4. A habeas corpus proceeding is not a substitute for a writ of error in that ordinary trial error not involving constitutional violations will not be reviewed. Syllabus Point 4, State ex rel. McMannis v. Mohn, 163 W. Va. 129, 254 S.E.2d 805 (1979).
5. Failure to observe a constitutional right constitutes reversible error unless it can be shown that the error was harmless beyond a reasonable doubt. Syllabus Point 5, State ex rel. Grob v. Blair, 158 W. Va. 647, 214 S.E.2d 330 (1975).
6. 'A trial court's failure to remove a biased juror from a jury panel does not violate a defendant's right to a trial by an impartial jury as guaranteed by the Sixth and Fourteenth Amendments to the United States Constitution and by Section 14 of Article III of the West Virginia Constitution. In order to succeed in a claim that his or her constitutional right to an impartial jury was violated, a defendant must affirmatively show prejudice.' Syl. Pt. 7, State v. Phillips, 194 W.Va. 569, 461 S.E.2d 75 (1995). Syllabus Point 6, State ex rel. Quinones v. Rubenstein, 218 W. Va. 388, 624 S.E.2d 825 (2005).
7. 'When a defendant has been convicted of two separate crimes, before sentence is pronounced for either, the trial court may, in its discretion, provide that the sentences run concurrently, and unless it does so provide, the sentences will run consecutively.' Syllabus point 3, Keith v. Leverette, 163 W.Va. 98, 254 S.E.2d 700 (1979). Syllabus Point 3, State v. Allen, 208 W. Va. 144, 539 S.E.2d 87 (1999).
This case is before this Court upon appeal of a final order of the Circuit Court of Jefferson County entered on August 15, 2007. In that order, the circuit court denied a petition for a writ of habeas corpus filed by the appellant and petitioner below, Alex Farmer, against the appellee and respondent below, Thomas McBride, Warden. On August 3, 1990, the appellant was found guilty of first degree murder, two counts of first degree sexual assault, and one count of burglary. He was sentenced to life in prison with mercy for the first degree murder conviction, fifteen to twenty-five years for each sexual assault conviction, and one to fifteen years for the burglary conviction.
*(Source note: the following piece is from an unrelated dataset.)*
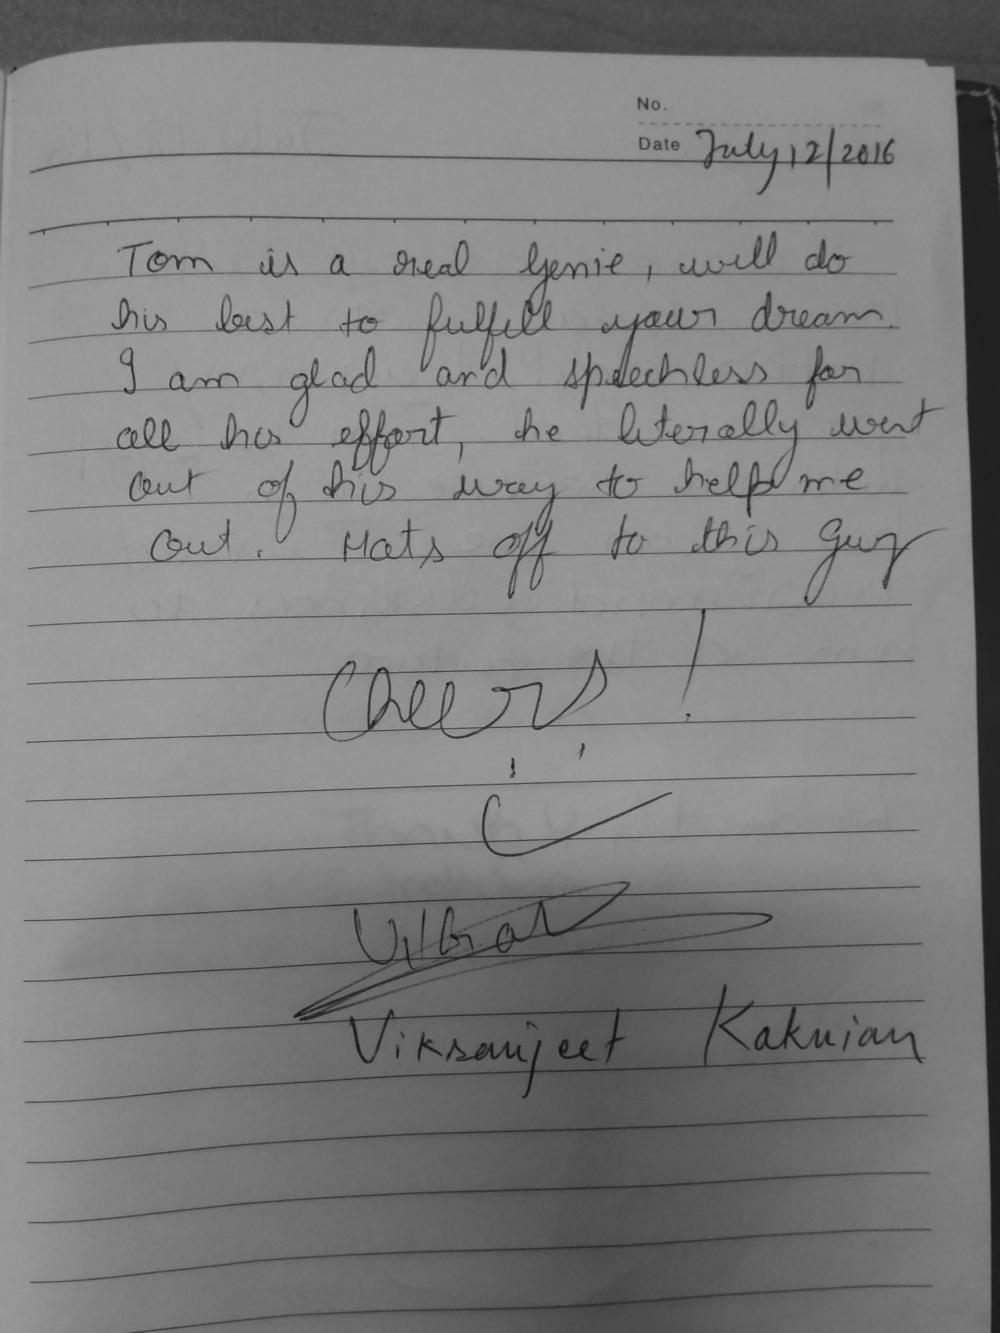 Vikramjeet Kaknian_Testimonial.jpg

The circuit court ordered that the sentences be served consecutively.
In this appeal, the appellant first contends that the circuit court erred by denying his motion to amend his habeas petition to add a Zain III claim. (See footnote 1) The appellant also argues that the circuit court erred in denying him habeas relief. This Court has before it the petition for appeal, the entire record, and the briefs and argument of counsel. For the reasons set forth below, the final order is affirmed.
Hilda Grim, wife of Charles Grim, testified about the appellant coming to her
house on the evening of April 14, 1988. She stated that the appellant left between 9:00 p.m.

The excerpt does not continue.